Figure 6

NELF complex interact with G4 structures and modulates the cellular response to G4 ligands. (A) MS-based quantitative proteomic analysis of the interaction of the NELF-complex proteins with contrained-G4 structures (extracted from Supplementary Table 1). Differentially interacting proteins were sorted out using a fold change ≥ 2 and p-value < 0.05, allowing to reach a false discovery rate (FDR) inferior to 5% according to the Benjamini–Hochberg procedure. (B) Quantification of the interaction of immunoprecipitated Flag NELF-E protein with constrained G4 structures (1a, 2) relative to cyclopeptide (CP-T23) and duplex control (8) constructions.
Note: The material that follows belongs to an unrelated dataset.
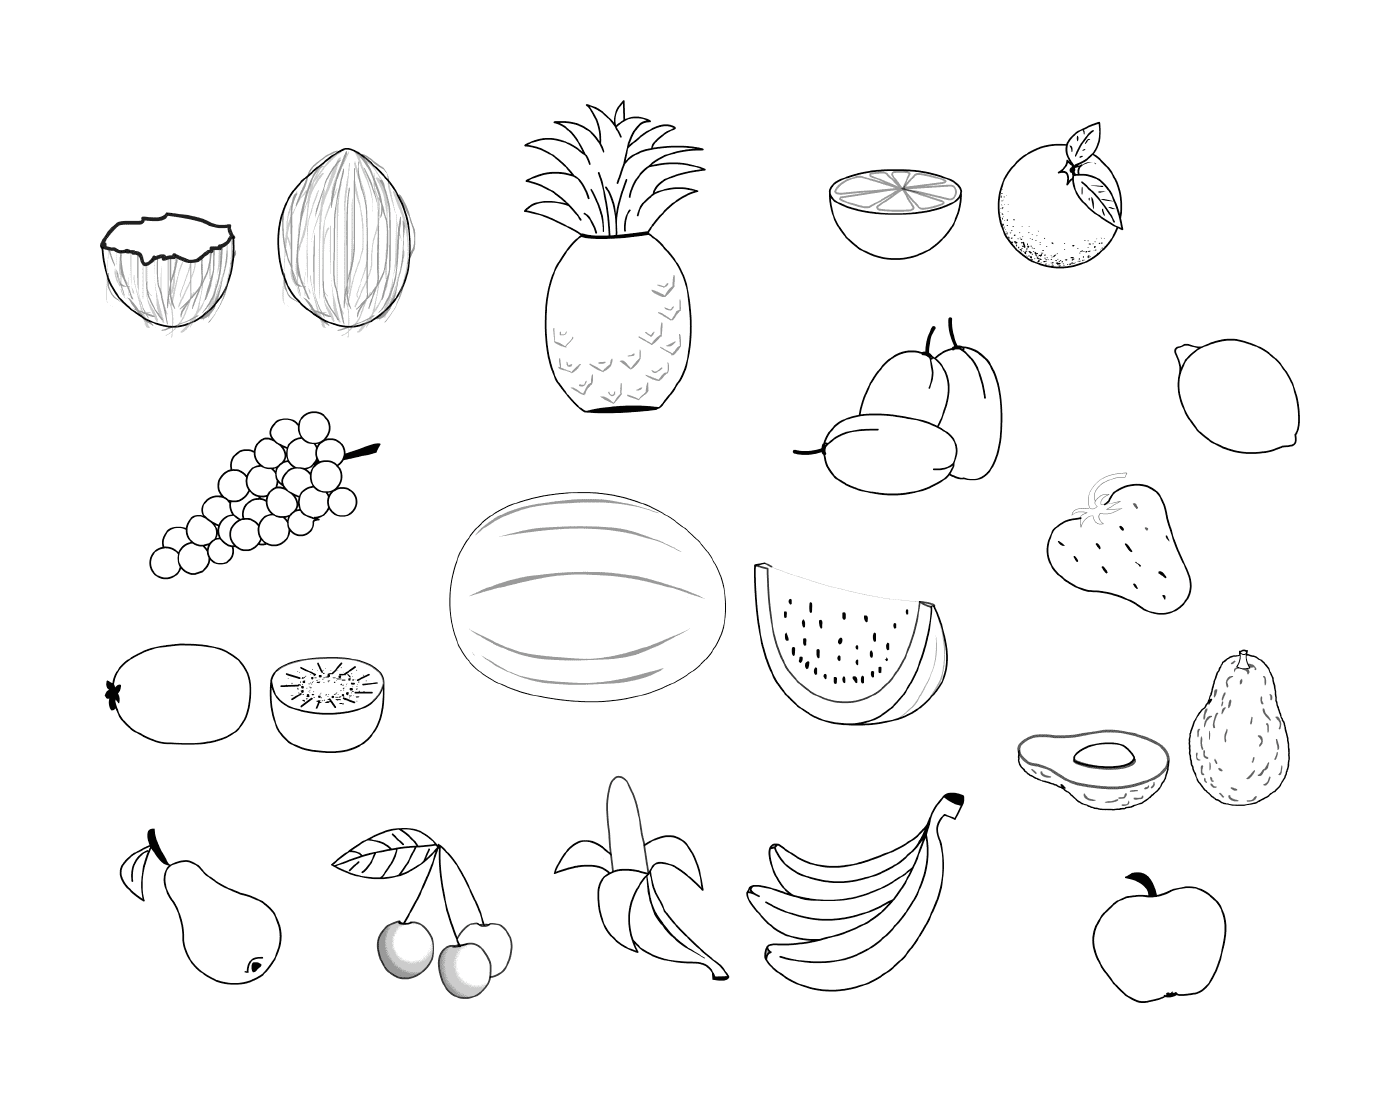  Várias frutas nesta página

Error bars represent SD from the means, n ≥ 3 independent experiments. p values were calculated using unpaired t-tests (without corrections for multiple comparisons). ns: p > 0.05; *: p < 0.05; **: p < 0.01; ***: p < 0.001; ****: p < 0.0001. ns non-significant difference. (C) Quantification and representative images γH2AX foci fluorescence signal (red) detected HeLa cells transfected with control (Ctrl), or two NELF-E siRNAs (independent sequences) and treated with PDS (20 µM) for 4 h. Error bars represent SD from the means, n ≥ 3 independent experiments. p values were calculated using an unpaired multiple Student’s t test. ns: p > 0.05; *: p < 0.05; **: p < 0.01; ***: p < 0.001; ****: p < 0.0001signals. Western-blotting analysis of NELF-E depletion in HeLa cells following siRNA treatment is shown.